Finding an optimal number of “K” classes for unsupervised classification on Remote Sensing Data

Toby Zaw
3 min readJan 2, 2022

--

We all have learnt that there are two types of classification namely Supervised classification and unsupervised classification. In the world of remote sensing, types of landcover varies across geography and therefore it is always hard to predict a number of landcover classes exit within an area.

To perform classification regardless of it’s type, we have always known to be knowledge on the number of classes. For instance, in performing supervised classification, we not only know the instance of classes, we but also can assign a particular composite of satellite bands belonging to one particularity. Likewise, in unsupervised classification, we also tend to know the number of classes by assuming as we scan through the whole scene. In both cases, we only have slight chances of knowing the “number of classes” or “K”.

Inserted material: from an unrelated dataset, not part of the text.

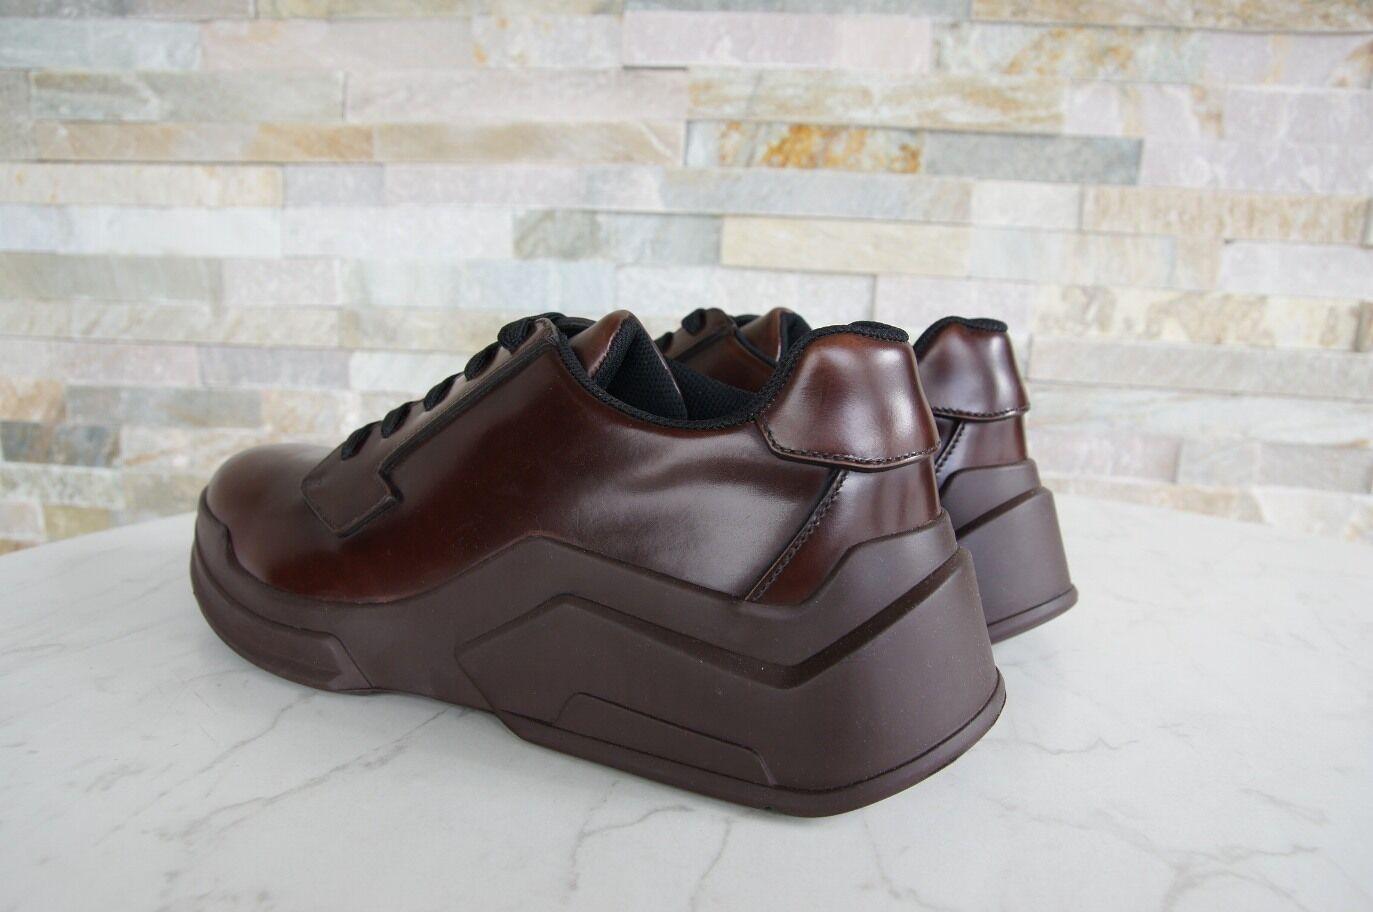 PRADA Gr Sneaker 40 6 Herren Schnürschuhe Sneaker Gr Halbschuhe Schuhe bruciato NEU UVP550 57cabd

In my case of trying to find the optimal number of “K” in our dataset, the elbow method is used. It is stated as

“A fundamental step for any unsupervised algorithm is to determine the optimal number of clusters into which the data may be clustered. The Elbow Method is one of the most popular methods to determine this optimal value of k.”

I am using random satellite images I found on internet to identify it’s cluster as show below.

I then read the simple image using PIL library to open the image and read it as numpy array. Once the image is read, pyrsgis module is used to transform it’s axis to categorize into respective RGB sets of values.

I then again set the list of K values for my areas of interest supposing from 1 to 15. The distortion and inertia values were calculated iteratively using sklearn module.

Distortion and inertia values for each classes

As shown in the figure, in determining the optimal number of clusters, we have to select the value of k at the “elbow” ie the point after which the distortion/inertia start decreasing in a linear fashion. Thus for the given data, we conclude that the optimal number of clusters for the data is 3.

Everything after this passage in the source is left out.